Fallouts in family and teen circles in Britain

I'm as fascinated as the next person by the cover line "Crazy lover tried to hack off my head" but it's not as comforting as a perfectly prepared pudding, is it?
Kira Cochrane of the Guardian thus bids goodbye to the British version of Family Circle magazine, aimed at that endangered species, the homemaker.
In recent years...Family Circle has been challenged by a huge group of low-priced women's weekly titles - Heat, Closer, Now, New etc, etc, on and on- all of which shriek their hunger for the biggest audience from their fluorescent covers. Family Circle has tried, valiantly, to keep up.

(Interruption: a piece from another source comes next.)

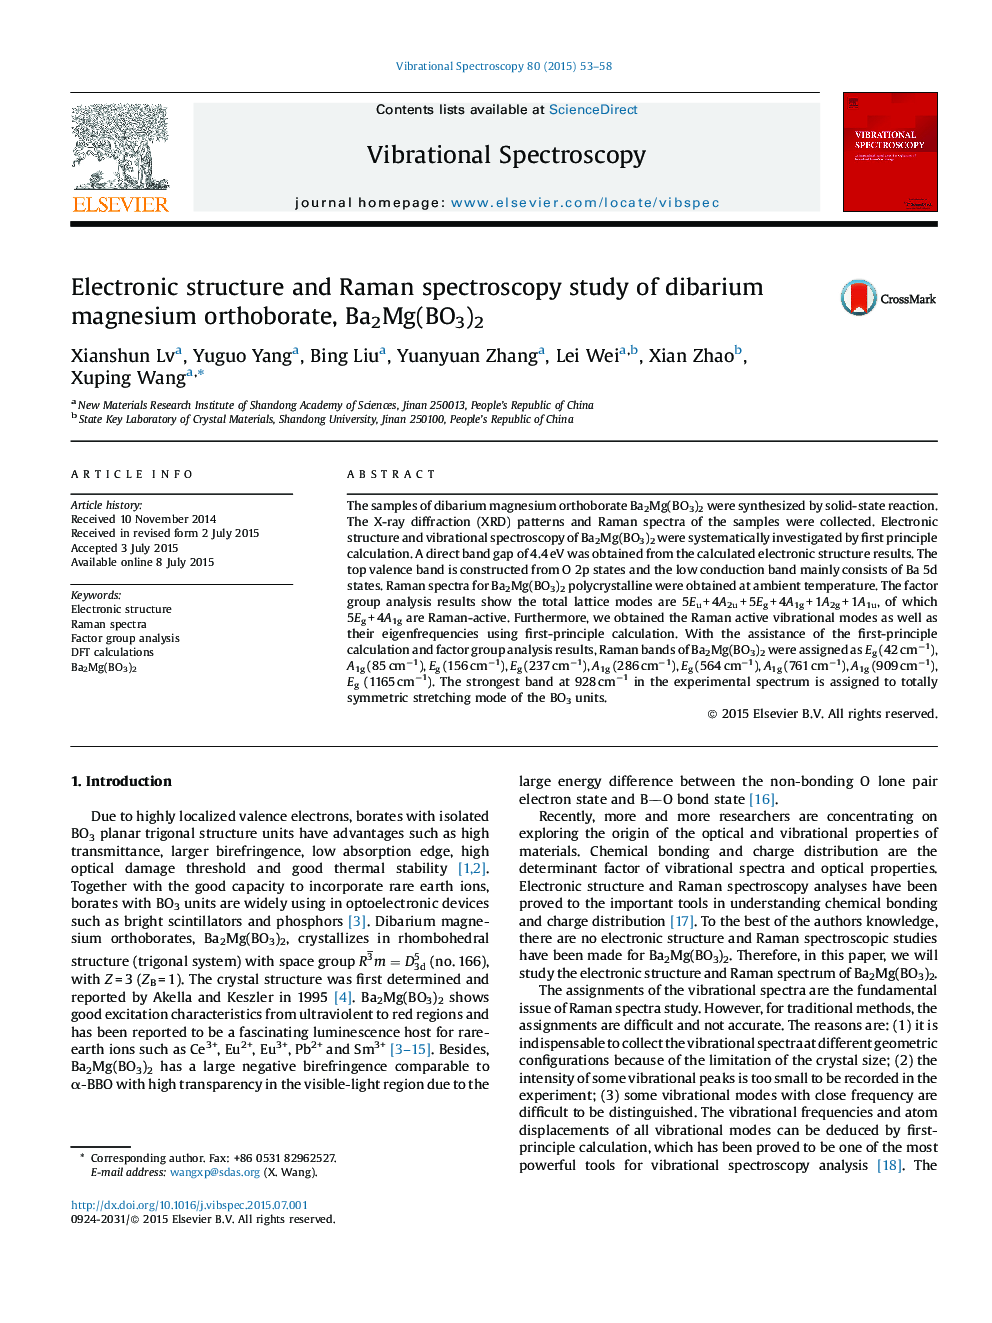 Electronic structure and Raman spectroscopy study of dibarium magnesium orthoborate, Ba2Mg(BO3)2

There have been attempts to revamp the title, but the difficulty, it seems, is how to compete without losing the magazine's raison-d'ĂȘtre. Reading the latest issue, the answer seems to have been to try to promote their real-life stories, but with a much softer touch than their rivals.

For instance, this month's most startling "real-life reads!", as plugged on Family Circle's cover, are "Why my ex cooks dinner for me & my new man!" and "Holiday health horror!" All well and good, until you compare them with the other weeklies' cover lines. "Toby's wife BARBECUED him and fed him to the tigers," screams Reveal. Love It! tantalises with "My boob exploded [while] breastfeeding," and, by a pinch, Pick Me Up romps home with the cover line of the week. "A beast ate my baby," it screams, before adding darkly, "but I got the blame."

As for cover stars, while the weeklies offer the usual, phenomenally popular mix of Paris-Posh-Britney-Brangelina, Family Circle features ... a peach cheesecake. An "amazing peach cheesecake - perfect for the summer!", but a peach cheesecake none the less.

* * *

The teenage magazine market is in freefall everywhere, apparently. Emap has suspended Sneak magazine after four years because British teenagers are turning to the internet and mobile phones to get their fix of celebrity gossip."The closure comes just six months after Emap closed one of the UK's talismanic teenage titles, Smash Hits, after nearly 30 years, citing the same reason - the rise of digital media," said the Guardian.

Although Sneak's circulation peaked in the second half of 2003, at 104,174, sales have been in decline ever since, falling most recently to just 74,299.

Mark Frith, editor of Emap's Heat magazine and a former editor of Smash Hits, said the music mag had been caught out by the rise of digital media.

"Today's teens want faster, deeper information about music and can now satisfy their hunger by accessing information on a whole range of new platforms including TV, the internet and mobile," he said.

In 2004, Emap closed its teen stalwart J-17, formally Just Seventeen, after losing one-third of its readers, and in 2005, Hachette's Elle Girl, the spin-off from monthly glossy Elle, was suspended.

1 Comments:

Anonymous Anonymous said...

I'll never forget the Enquirer's classic cover line "Evil Voodoo Doctor Tortures Housewife With Poison Toads".